It’s not just in New York City. American town halls are filled with enraged residents; in Hudson Valley, they shout to “keep the Hasidic out”; in northern Jersey, they fight against the eruv, a symbolic string attached to telephone poles, lest Orthodox Jews move into town; in New Jersey’s Ocean County, tension is simmering and about to reach a boil as thousands of residents threaten to violently “rise up” against Orthodox Jewish growth in the neighborhood.
The implication is clear: This is not a home for you.
It’s time we talk about how people love to hate Orthodox Jews.
It happens all the time. And it starts with casual rhetoric, as all things do. I witness it personally, often as the only Orthodox Jew in liberal spaces. “Did you know that there are some Orthodox rabbis whose expertise is in financial ethics in Jewish law?” I once remarked to another journalist, years ago.
“Orthodox rabbis who have financial ethics?” The colleague laughed. “What’s that, like stealing everyone’s money?”
It was just a joke. But it’s never just a joke. I hear this sort of banter far too often, thanks to the strange place I’m in as an Orthodox Jewish journalist. It’s my job to be openly critical of my own community when necessary, pointing out internal wrongdoings. And then, I must watch, anguished, as those who hate us take up that criticism of the dregs of our society and twist them into dangerous blanket statements that besmear entire communities.
Those who hate us abound. The Orthodox are the Jews of the Jews. We are othered, shamed, and ridiculed for our religious practices — by non-Orthodox-Jews and non-Jews alike. And that rhetoric often escalates into downright dehumanization.

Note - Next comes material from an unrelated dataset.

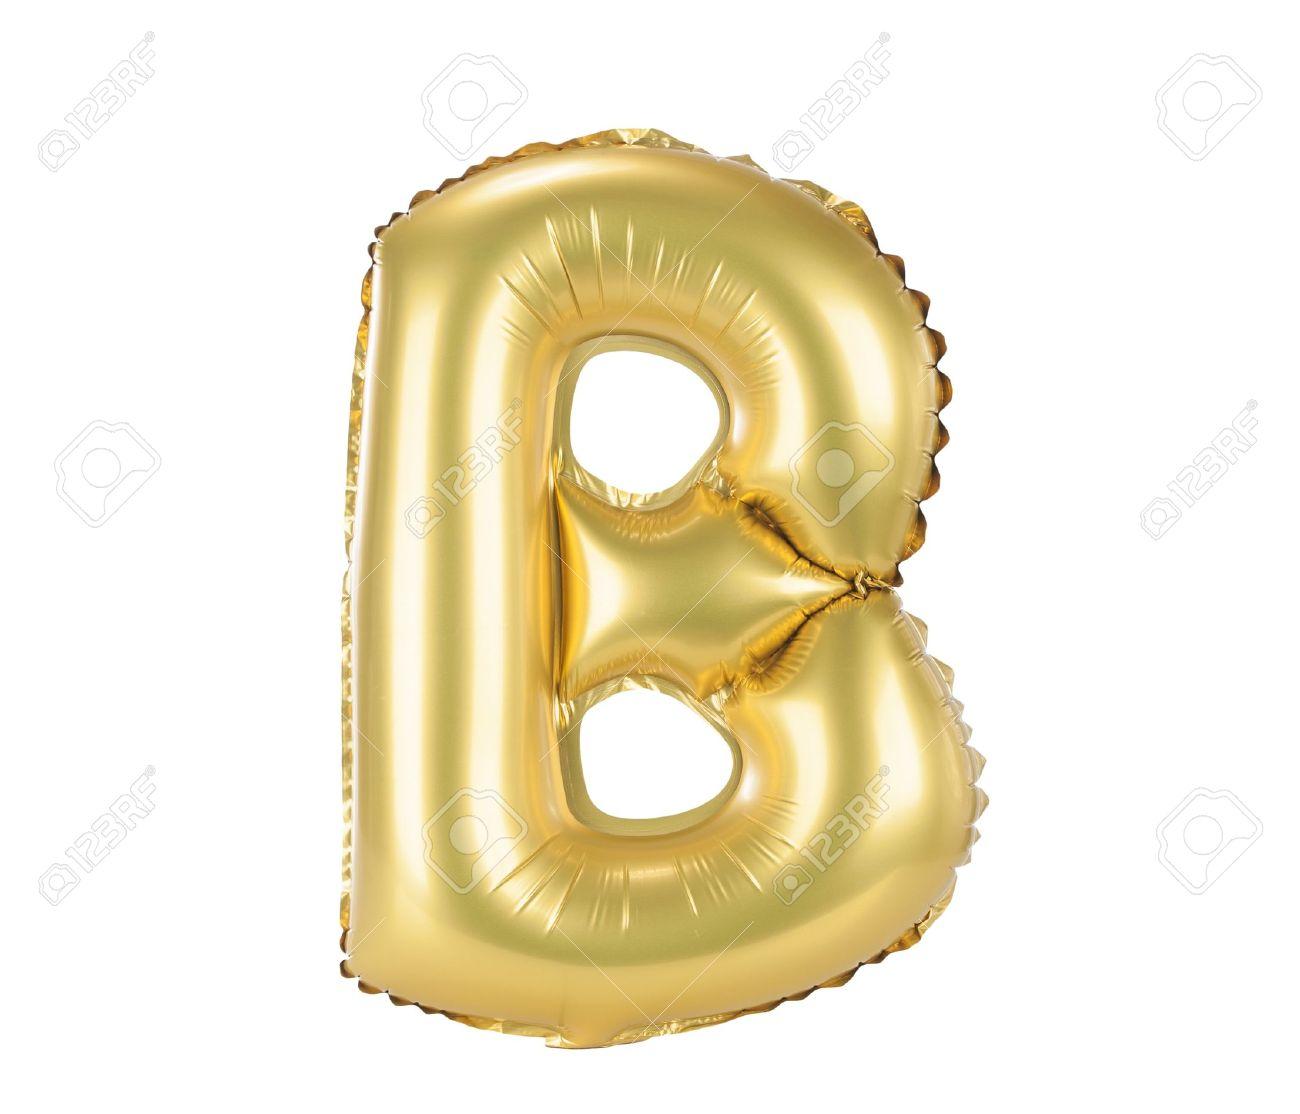 balloon letter font - Fashion.stellaconstance.co

And almost no one will stand up for us. Even when Orthodox Jews are brutally attacked, those with power limit their reaction to a single tweet. After yesterday’s attack in Crown Heights, New York City officials posted obligatory calls for tolerance, yet the lack of any real action is troubling. In June, at the Jewish American Heritage Month party at Gracie Mansion, Mayor Bill de Blasio promised to immediately open an office devoted to combatting anti-Semitism; it’s two months and several anti-Jewish hate crimes later, and Jewish communal representatives are saying that they have yet to get an update on this. (The Anti-Defamation League is the notable exception in this case, offering a $5,000 reward for information.)
Tweets and press releases have yet to stop a single attack.
Why will no one speak up on our behalf? Why don’t people rush to call out these hate crimes? Instead, they won’t even call it a hate crime. We have to hear them call it a mugging, or tell us it wasn’t due to the black hat or yarmulke — but actually due to a development, the schools, measles outbreaks, tax evasion, don’t you know.
Why won’t anyone speak up? Is it because they do not see Orthodox Jews as real Americans, as citizens deserving of the right to live safely in their communities? Are we too “other,” too “apart,” “disloyal,” to earn the privilege of peaceful existence? Is it because we are politically inconvenient? If the perpetrator wasn’t a white supremacist who voted for Trump, then it didn’t really happen, did it?
The unwillingness to act from those in power in New York City sends a clear message to my community: If the perpetrator doesn’t wear a red baseball cap — we don’t care. If the attacker wasn’t radicalized by a 4chan discussion about immigrants — it’s not a crime worthy of serious response, because it won’t assist us in our electability, and it will just complicate matters.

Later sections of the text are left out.